The strengths of this study were primarily in the seminal use of and the potential for AI-based assessment and feedback in simulation-based education. Previous studies largely focused on using AI based models to evaluate expert versus novice performance. However, our work provided a novel use of AI models in developing trainee (medical student) evaluation and feedback tools to augment the video-based education learner’s experience for open skills. Constructive student feedback on the original curriculum raised a concern in learning a task incorrectly and then subsequently cementing incorrect technique into habits with repetitive practice without feedback or until final assessment [11]. The benefits of AI models included their speed and automaticity, which may allow for not only summative feedback but also the potential for formative feedback in the setting of limited instructor person-hours. Future efforts will include developing task deconstruction and error analysis to not only provide “pass”/”fail” metrics, but rather more discrete error detail such as “incorrect forceps hold (step 1)” or “incorrect direction of surgeon’s knot wrap (step 3).” This automated form of formative assessment could allow for the early recognition and correction of incorrect technique while also optimizing the use of directed feedback for all learners. Additional work will include performing data augmentation for balanced distribution of “fails” using methods such as obtaining pre-training performance videos, recruiting more novice learners, and standardizing video capture (tripod, white paper background, measured setup distances, camera quality) to limit the number of videos that are removed from analysis.

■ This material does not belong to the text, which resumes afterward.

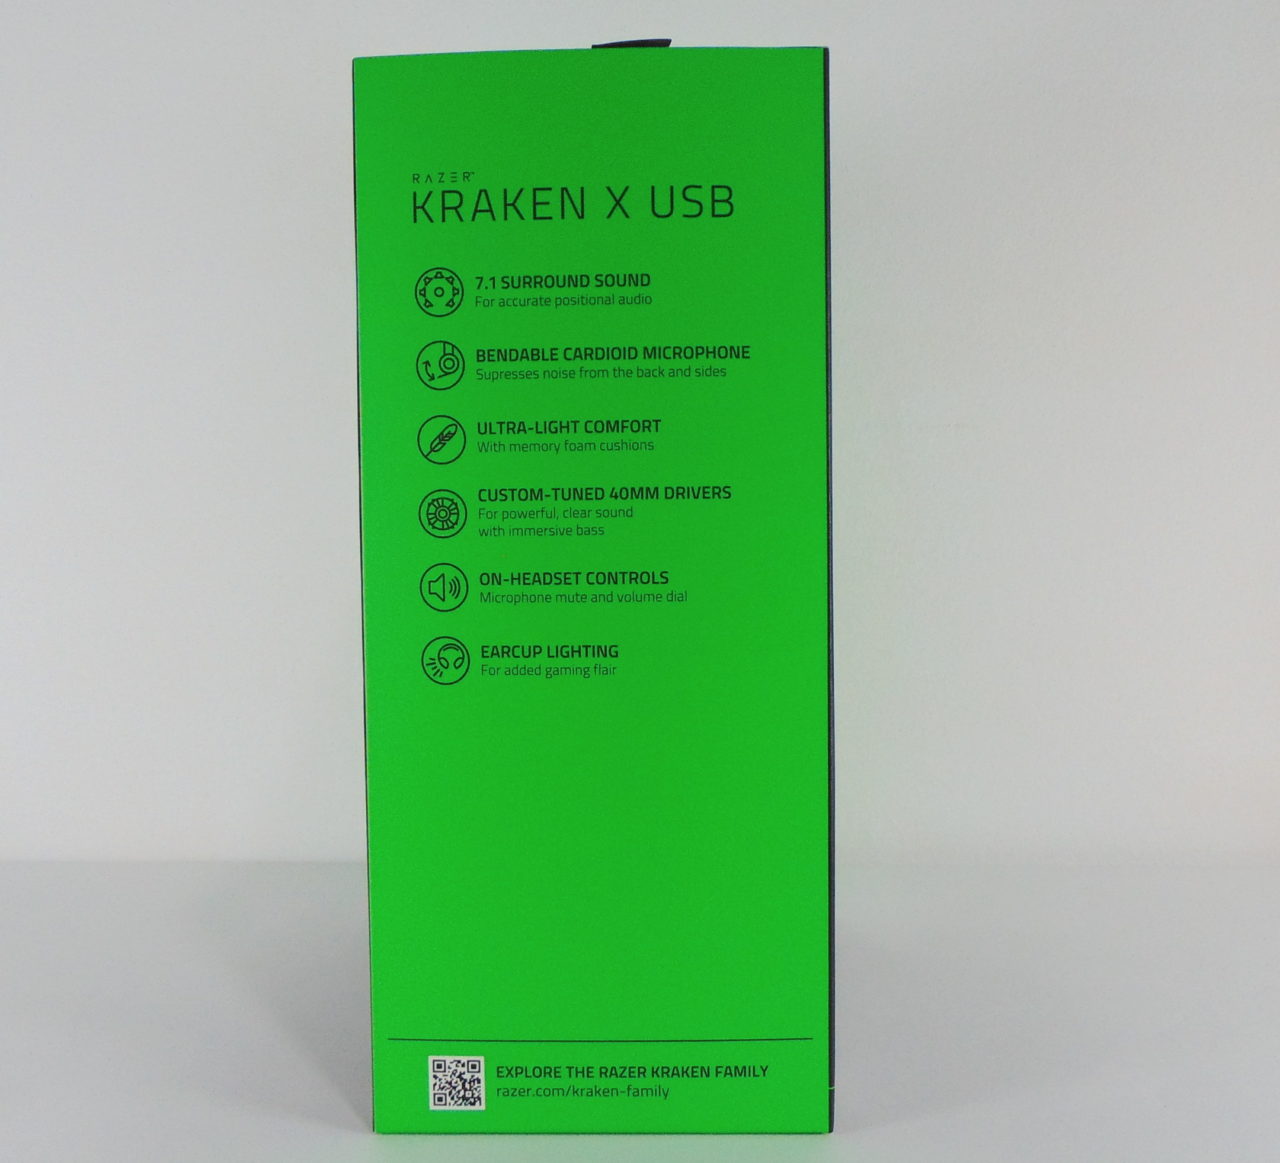 3 Razer Kraken X USB review
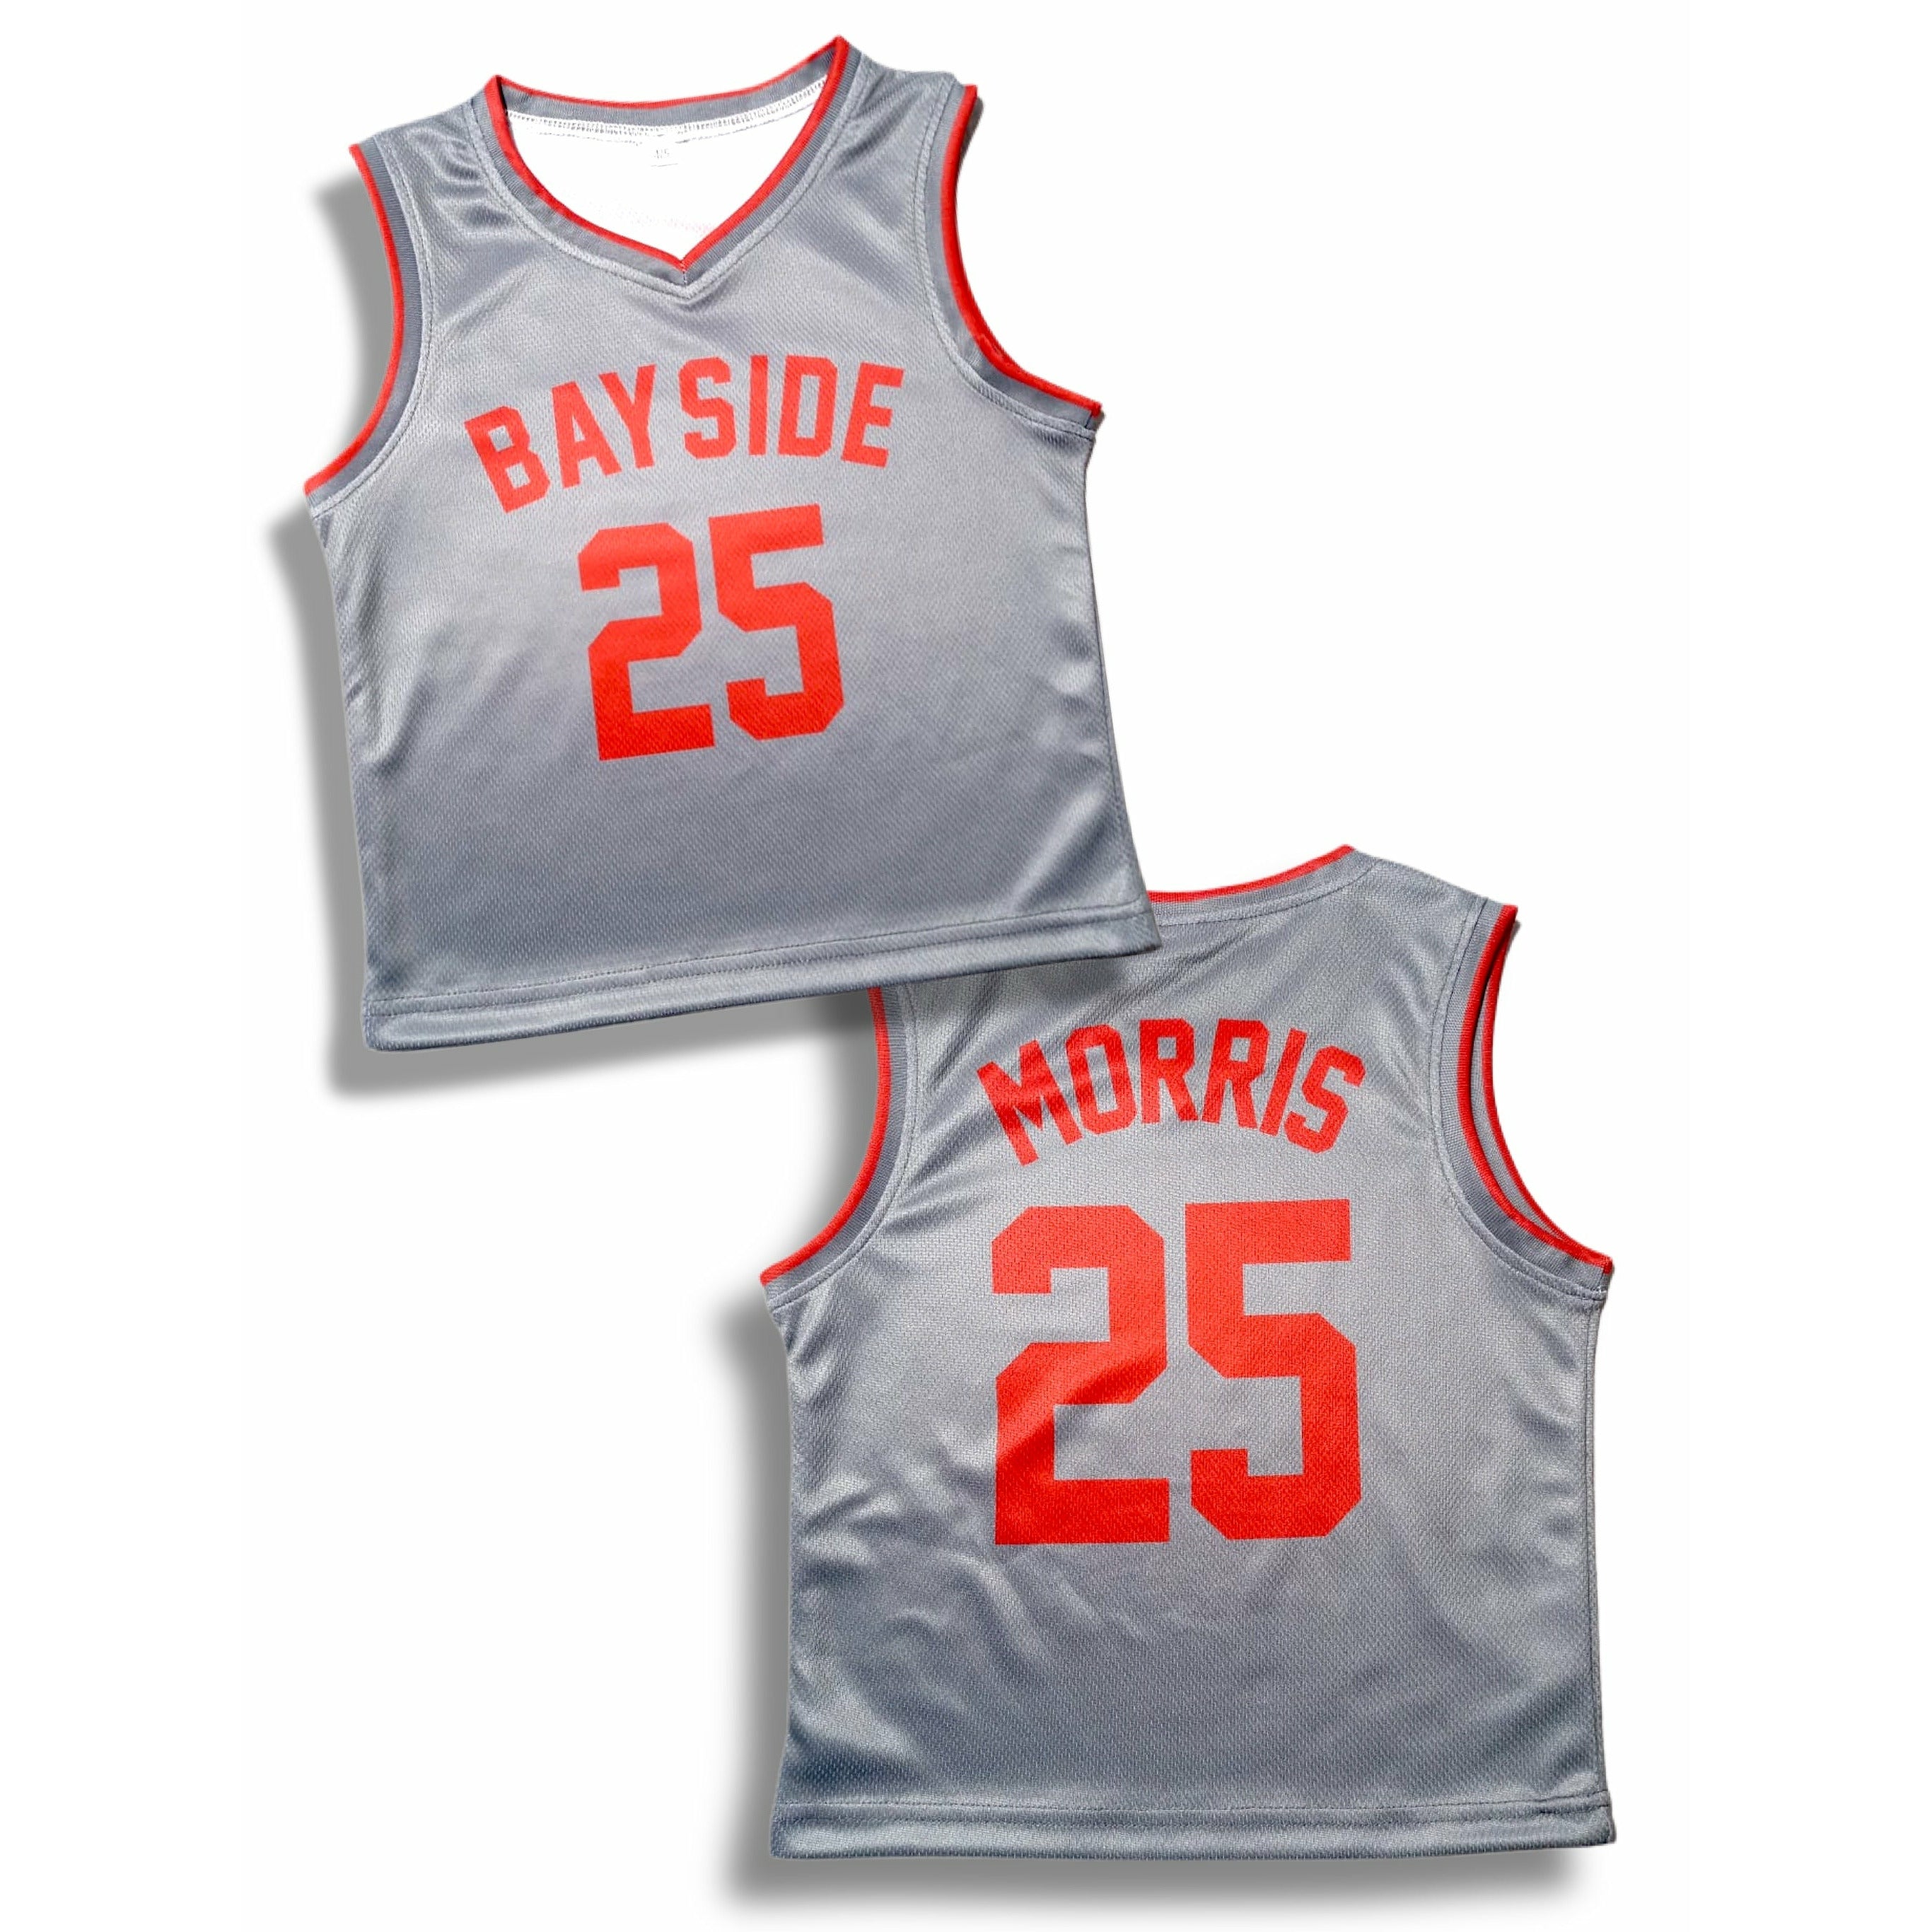 Kids Bayside Basketball jersey

The authors recognize several limitations. First, the poor video quality and the removal of 16 videos from analysis could have skewed the data, but in which manner remains unclear. Next the imbalance of videos across both pass/fail and early/late practice performance leads to underdeveloped model training. Future efforts to mitigate such imbalance issues include training the model with more “fail” videos as a method of intentional data augmentation beyond what was attempted to further reduce the accuracy-F1 gap and improve the overall performance. Finally, our analysis generated an overall accuracy of 83%, which fell short of the generally accepted threshold of 90% or greater.

Conclusions

We aimed to create an AI model that would provide an automatic assessment tool for our previously reported suturing and knot-tying curriculum. Our preliminary data showed positive progress in accuracy of error detection by performance improvement methods including designing a multi-stream architecture and training it in end-to-end fashion. Identified needs include having additional videos with more errors for training, standardization of video capture, and balanced rating distribution for improved model training. We hope that this work will guide further efforts in automated assessment for summative as well as eventually formative training feedback. We anticipate that such innovations will help reduce the burden of relying on instructor support, while improving efforts in simulation-based education.